What you have to do
Please give back the listing below word for word and drop any images.

Data section
--*--
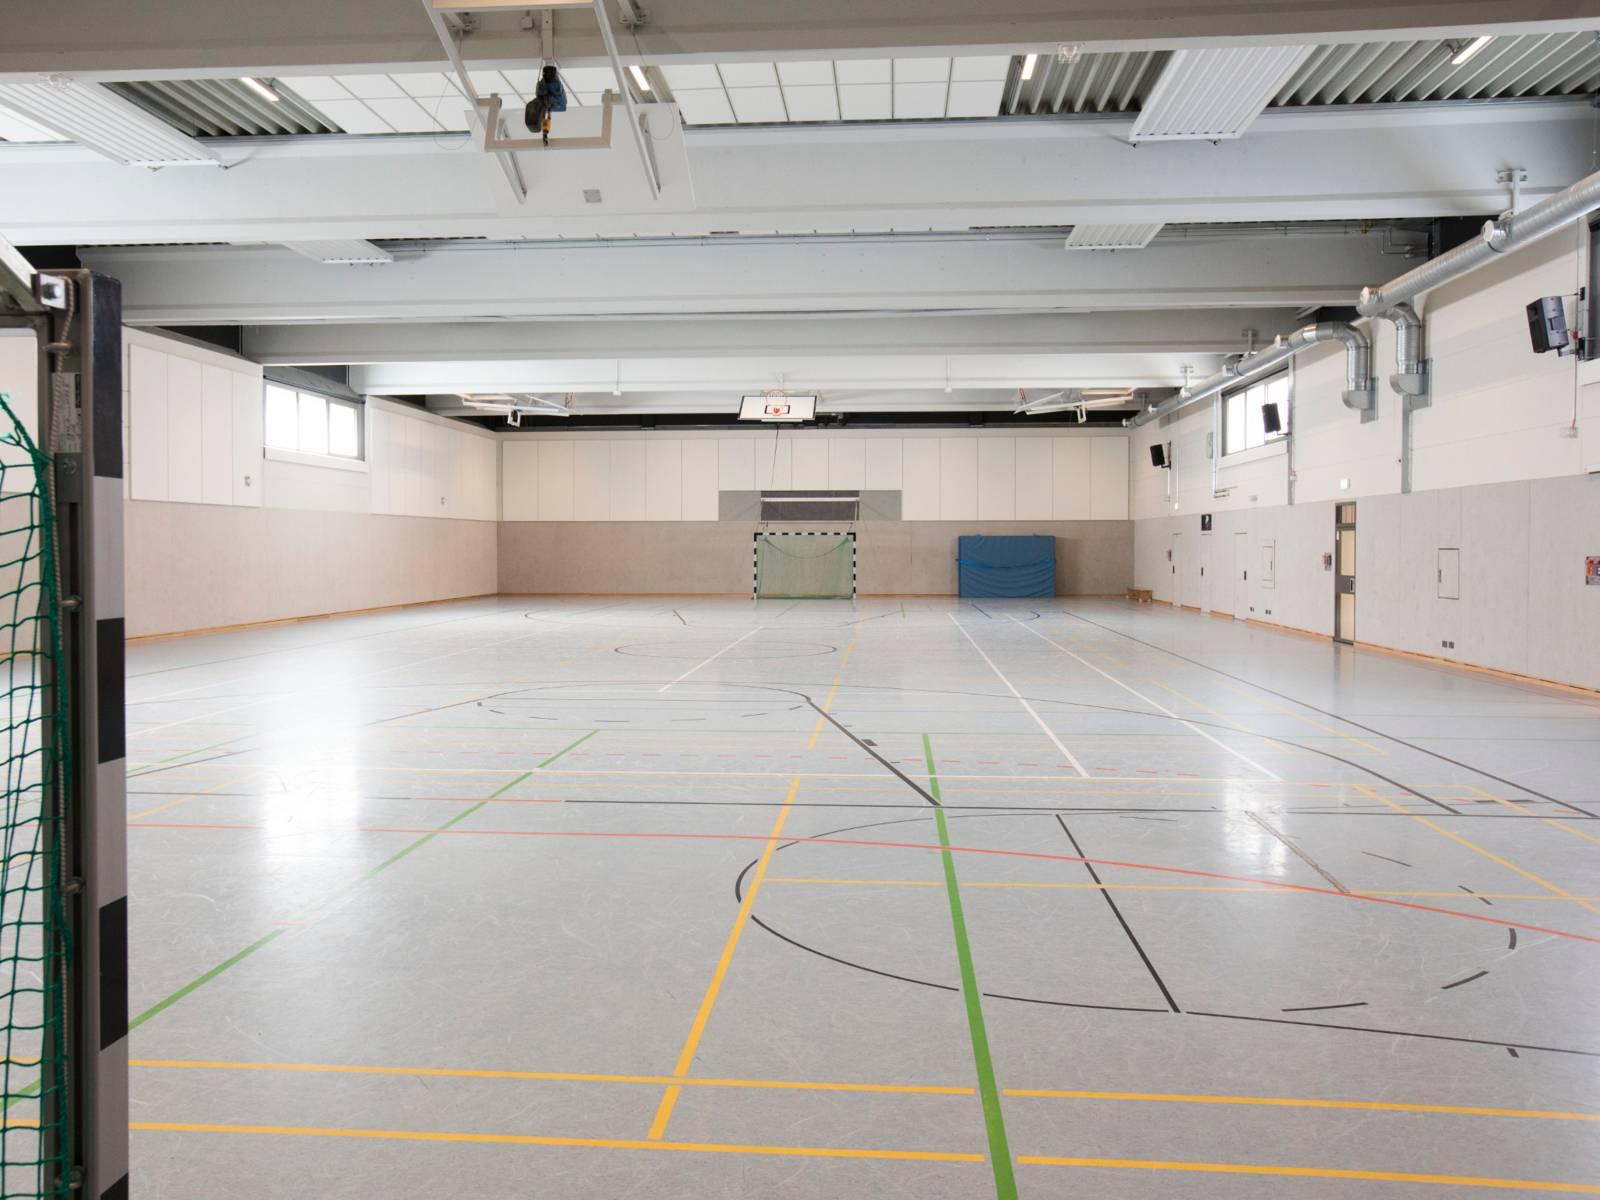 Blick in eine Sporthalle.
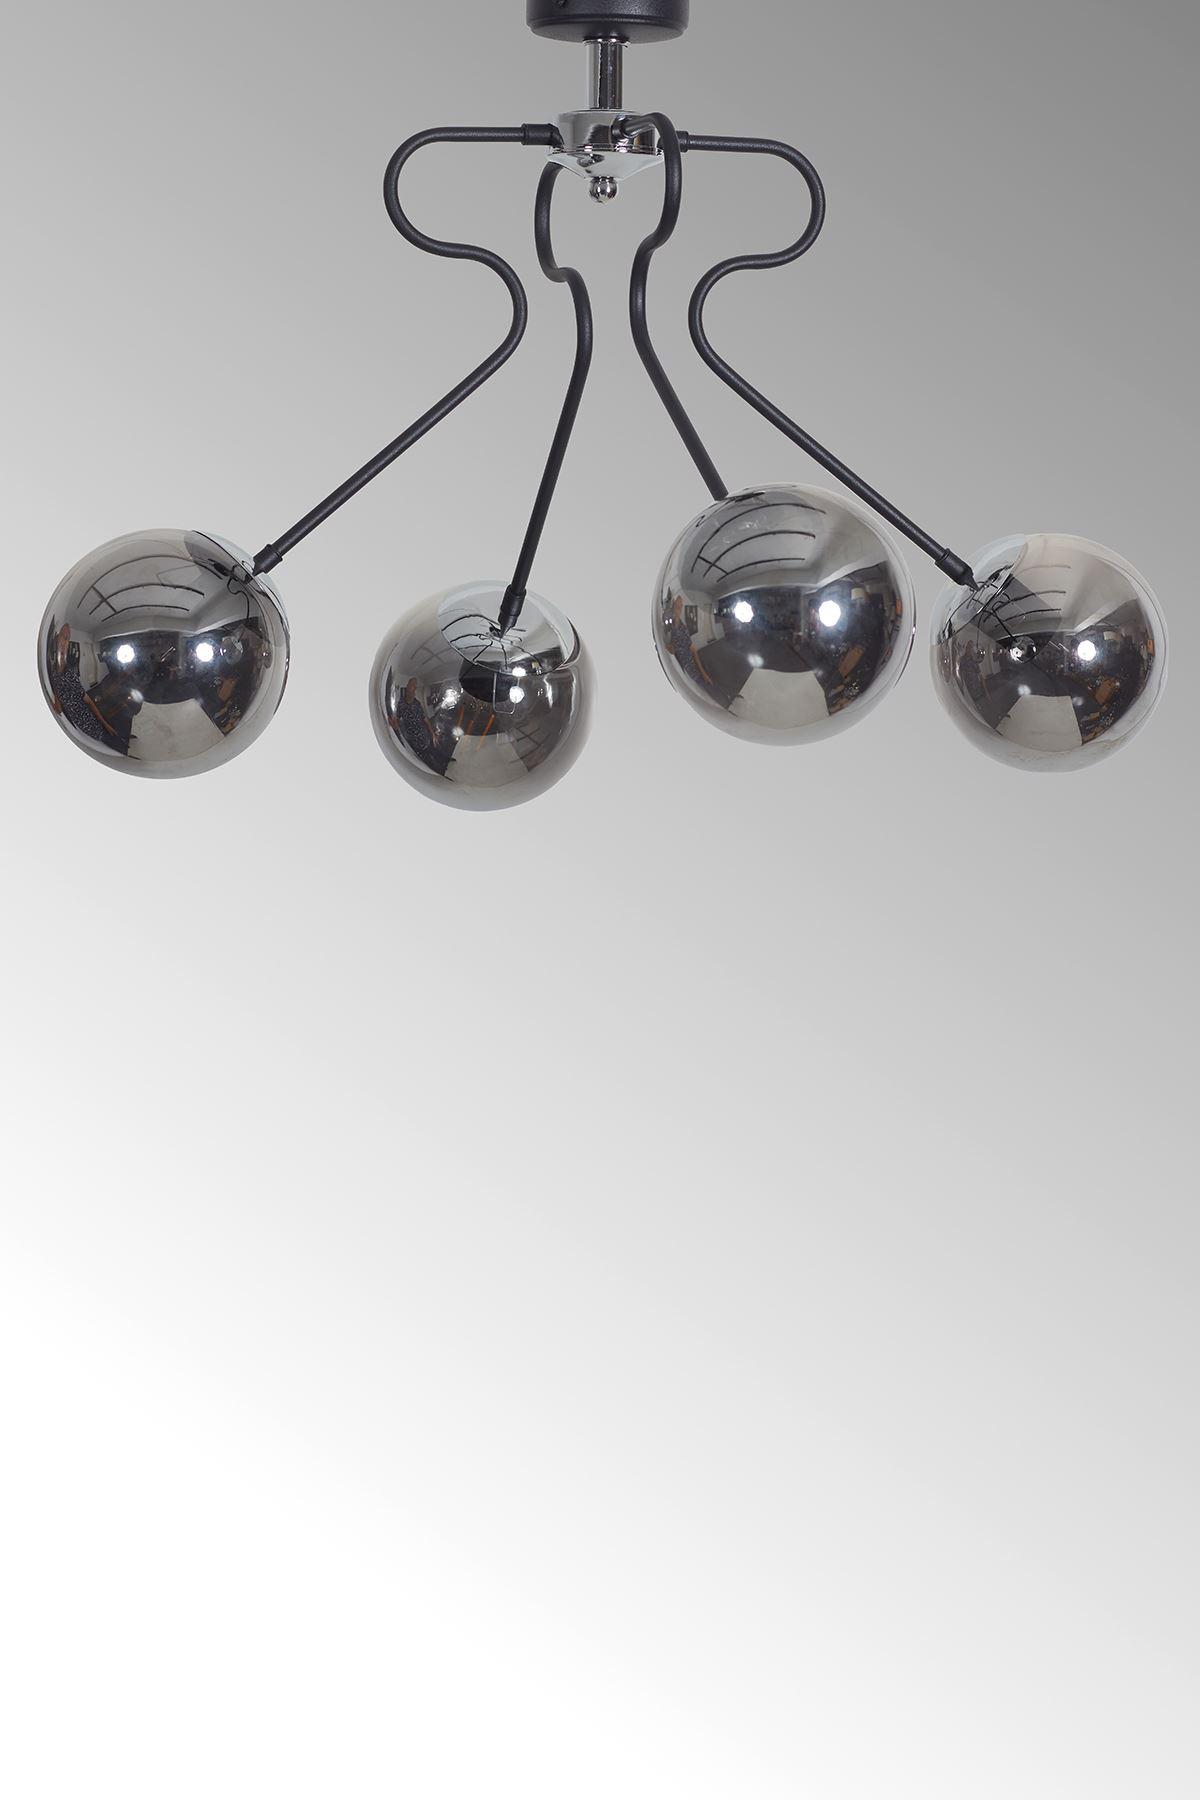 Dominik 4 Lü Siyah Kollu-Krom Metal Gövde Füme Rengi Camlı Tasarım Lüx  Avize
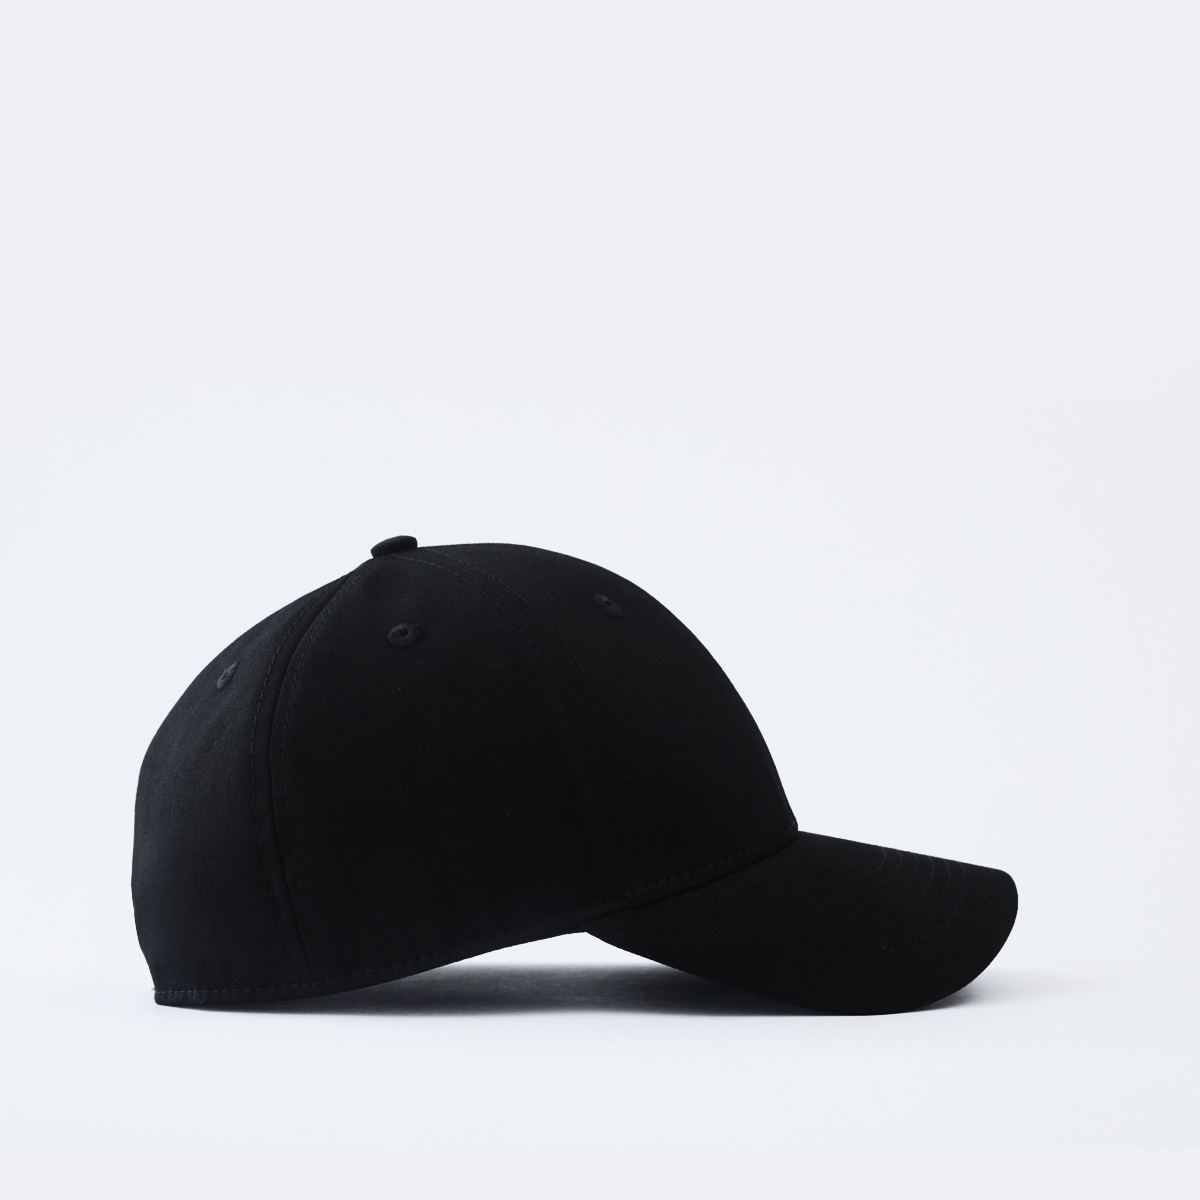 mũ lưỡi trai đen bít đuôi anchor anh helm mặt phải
--*--
Expected answer
 Blick in eine Sporthalle.
 Dominik 4 Lü Siyah Kollu-Krom Metal Gövde Füme Rengi Camlı Tasarım Lüx  Avize
 mũ lưỡi trai đen bít đuôi anchor anh helm mặt phải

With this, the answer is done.